Glossary
Activation Function
: Used in deep learning models to help calculate non-linear relationships.
Actuators
: Electro-mechanical devices like motors. They help with the movement of a robot.
AI
: See Artificial Intelligence.
AI Winter
: A prolonged period of time, such as in the 1970s and 1980s, when the AI industry came under much pressure, such as with cutbacks in funding.
Artificial Intelligence
: Where computers are able to learn from experience, which often involves processing data using sophisticated algorithms. Artificial intelligence is a broad category, which includes subsets like machine learning, deep learning, and Natural Language Processing (NLP).

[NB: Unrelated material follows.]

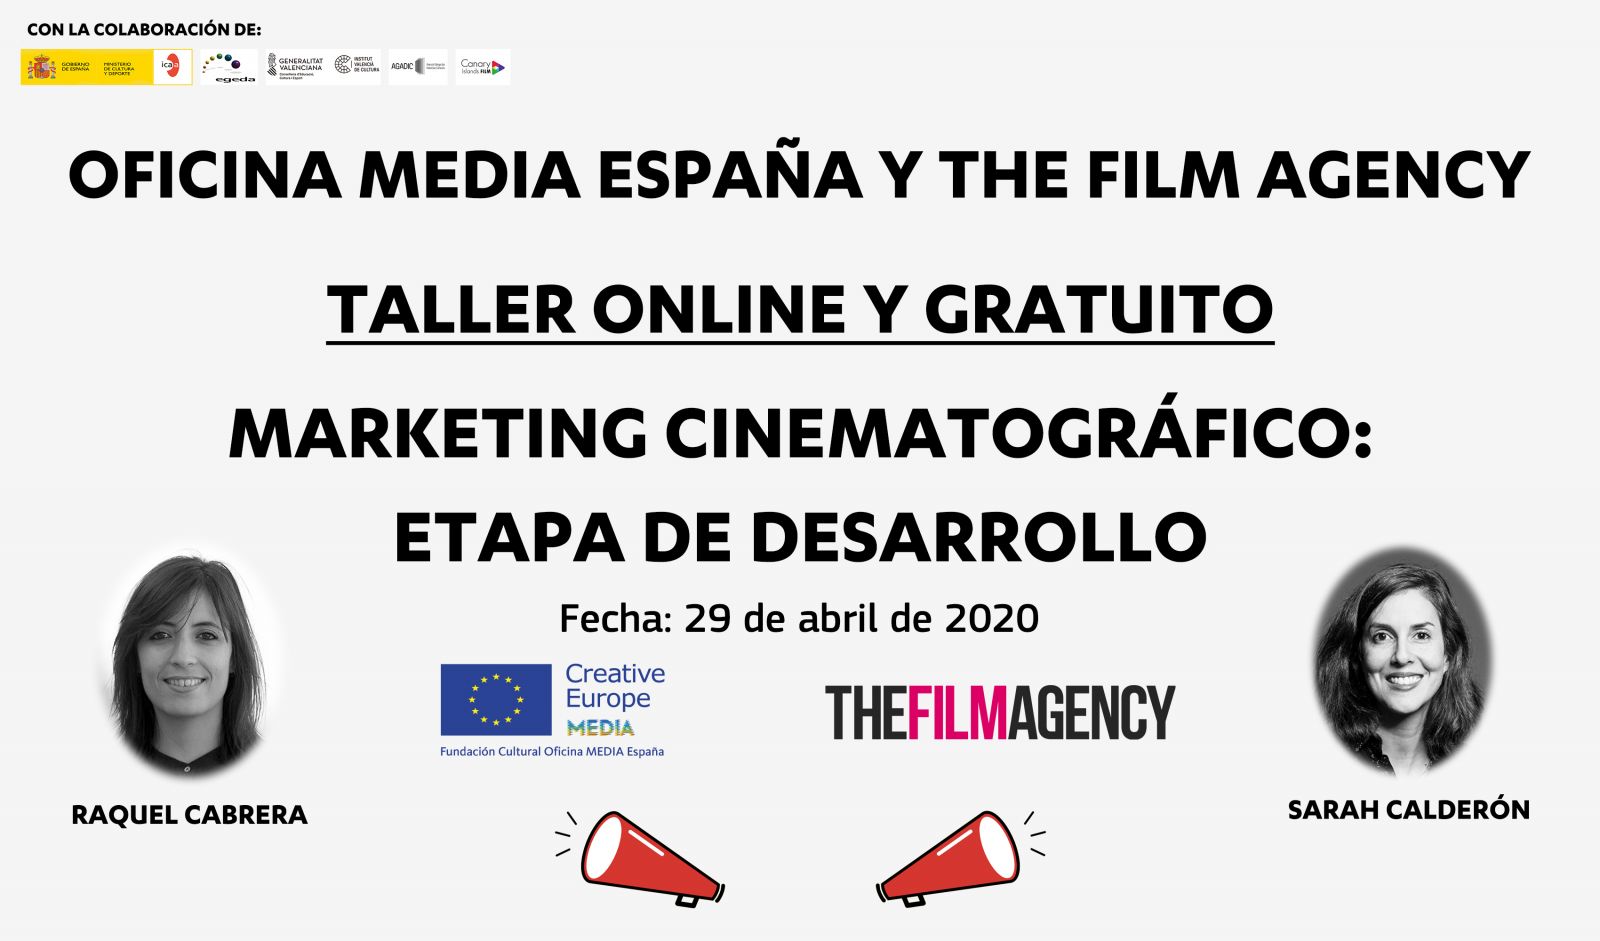 Taller online de marketing cinematográfico en etapa de desenvolvemento, organizado por MEDIA e The Film Agency: 29 de abril de 2020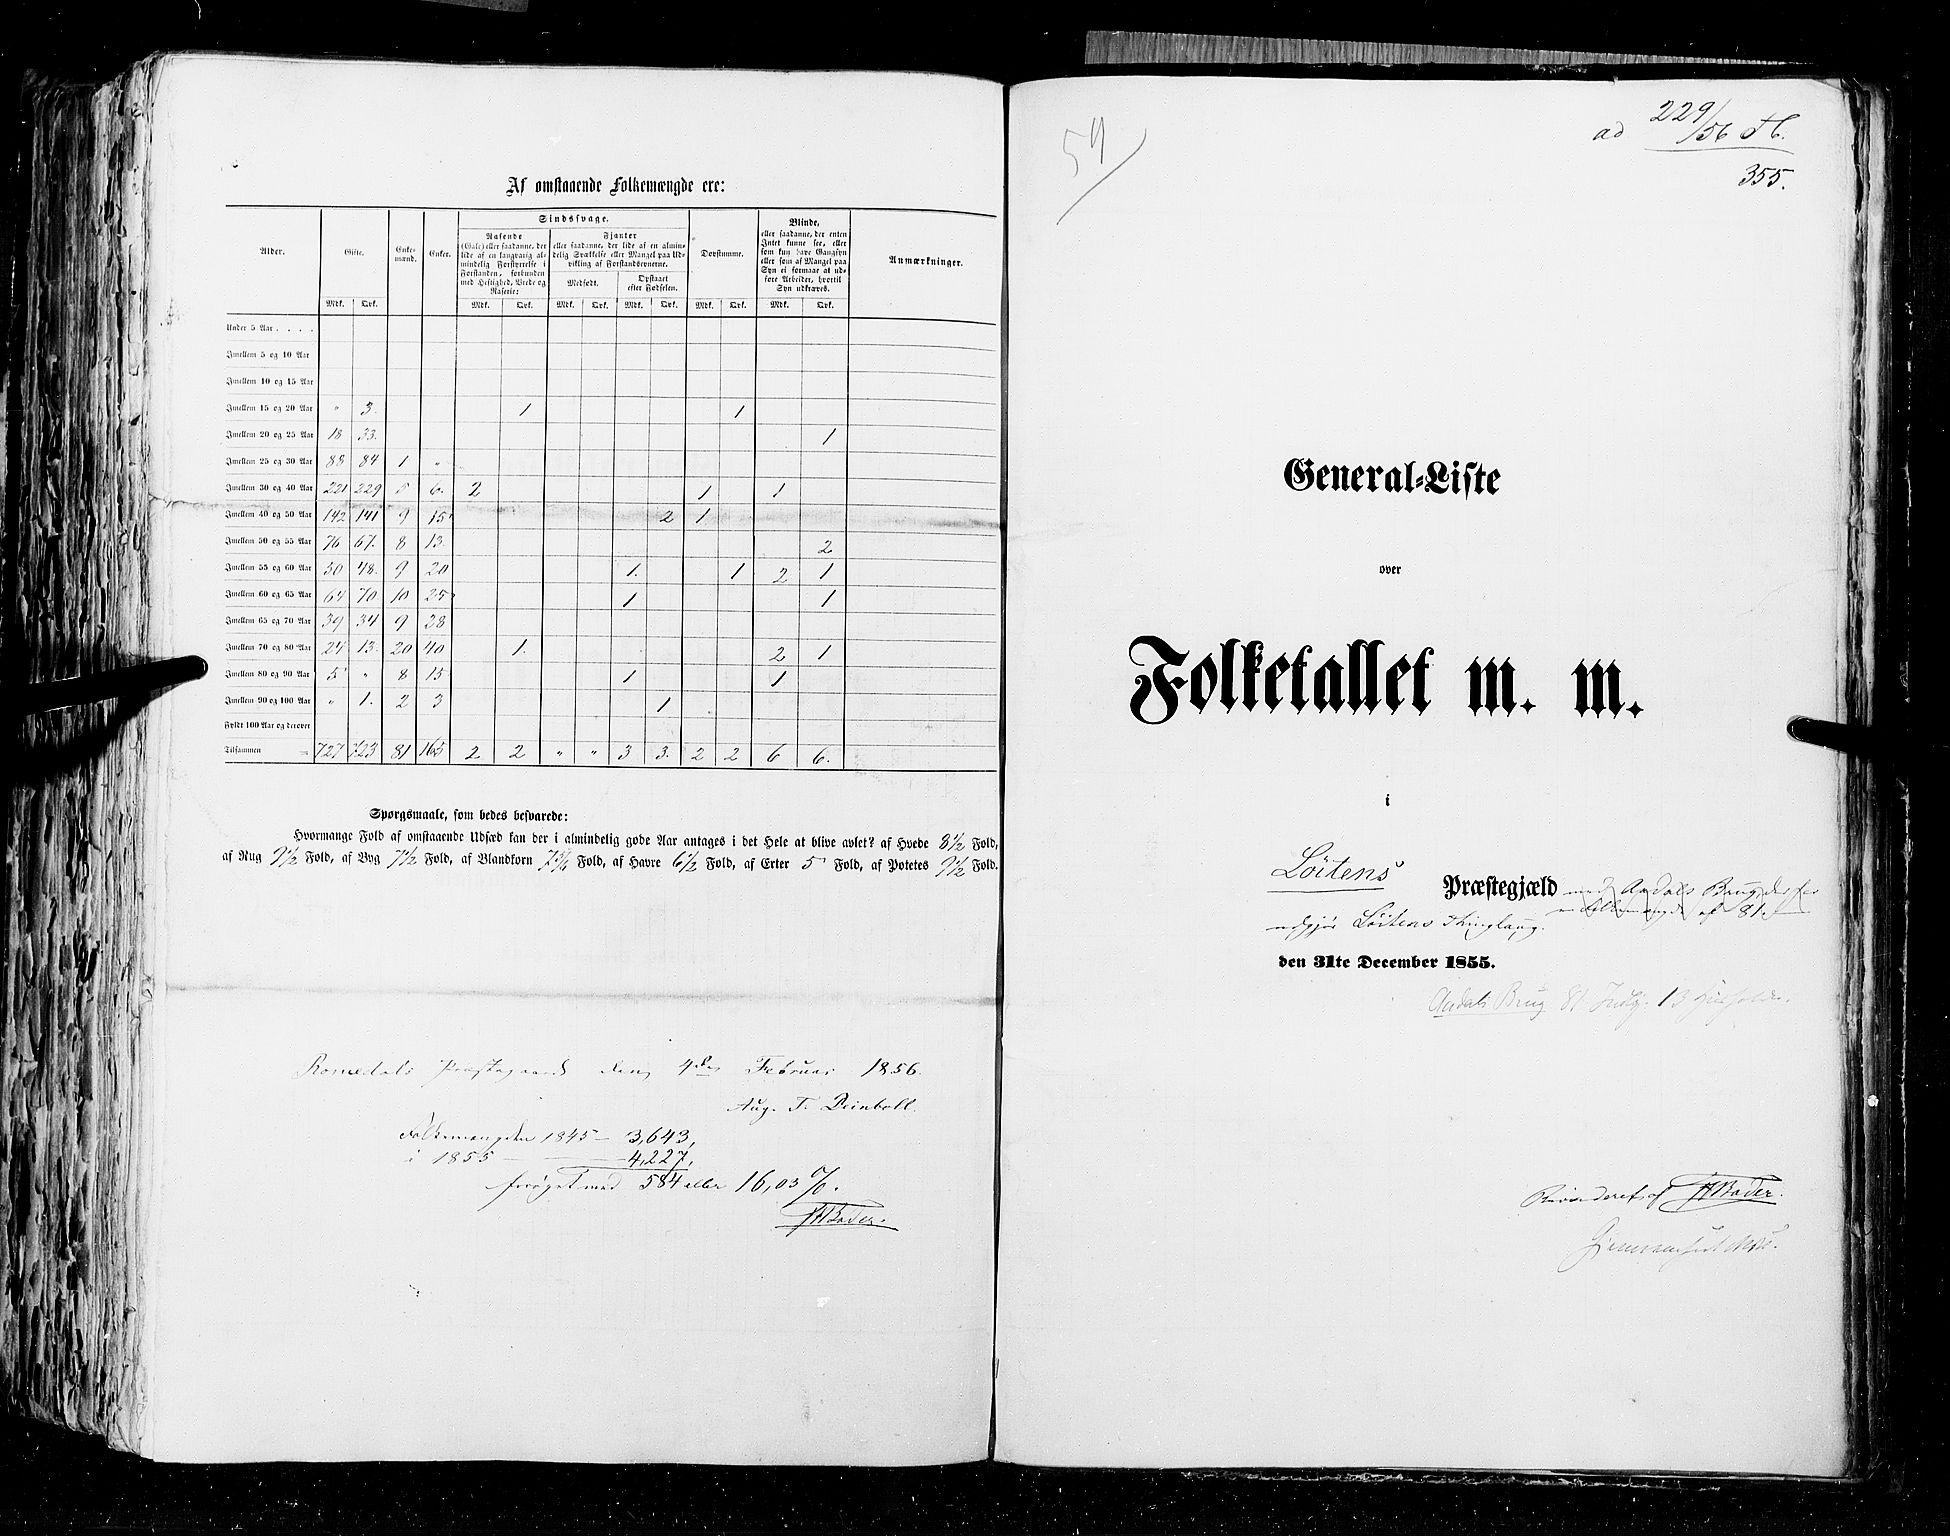 RA, Folketellingen 1855, bind 1: Akershus amt, Smålenenes amt og Hedemarken amt, 1855, s. 355

Artificial Neural Network (ANN)
: The most basic structure for a deep learning model. The ANN includes multiple hidden layers that process data through the use of sophisticated algorithms.
Automation Fatigue
: With RPA, there will generally be less improvement as more tasks are automated.
Automated Machine Learning (AutoML)
: A digital tool or platform that allows beginners to create their own AI models.
Backpropagation
: A major breakthrough in deep learning. Backpropagation allows for more efficient assigning of weightings in models.
Bayes’ Theorem
: A statistical measure used in machine learning that helps to provide a more accurate view of the probabilities.
Big Data
: A category of technology that involves processing huge amounts of data. Big Data is often described as having the three Vs—that is, volume, variety, and velocity.
Binning
: Involves organizing data into groups.
Categorical Data
: Data that does not have a numerical meaning but instead has textual meaning, say with describing race or gender.
Cerebral Cortex
: Part of the human brain that has the most similarities to AI. It helps with thinking and other cognitive activities.
Chatbot
: An AI system that communicates with people
Clustering
: A form of unsupervised learning that takes unlabeled data and uses algorithms to put similar items into groups.
Cobot
: A robot that works alongside people.
Cognitive Robotic Process Automation (CRPA)
: An RPA system that leverages AI technologies.
Convolutional Neural Network (CNN)
: A deep learning model that goes through different variations—or convolutions—of analysis on data. CNNs are often used for complex applications like facial recognition.
Data Lake
: Allows for the storage and processing of massive amounts of structured and unstructured data. There is often little to no need to re-format the data.
Data Type
: The kind of information a variable represents, such as a Boolean, integer, string, or floating point number.
Decision Tree
: A machine learning algorithm that is a workflow of decision paths.
Deepfake
: Involves using deep learning models to create images or videos that are misleading or harmful.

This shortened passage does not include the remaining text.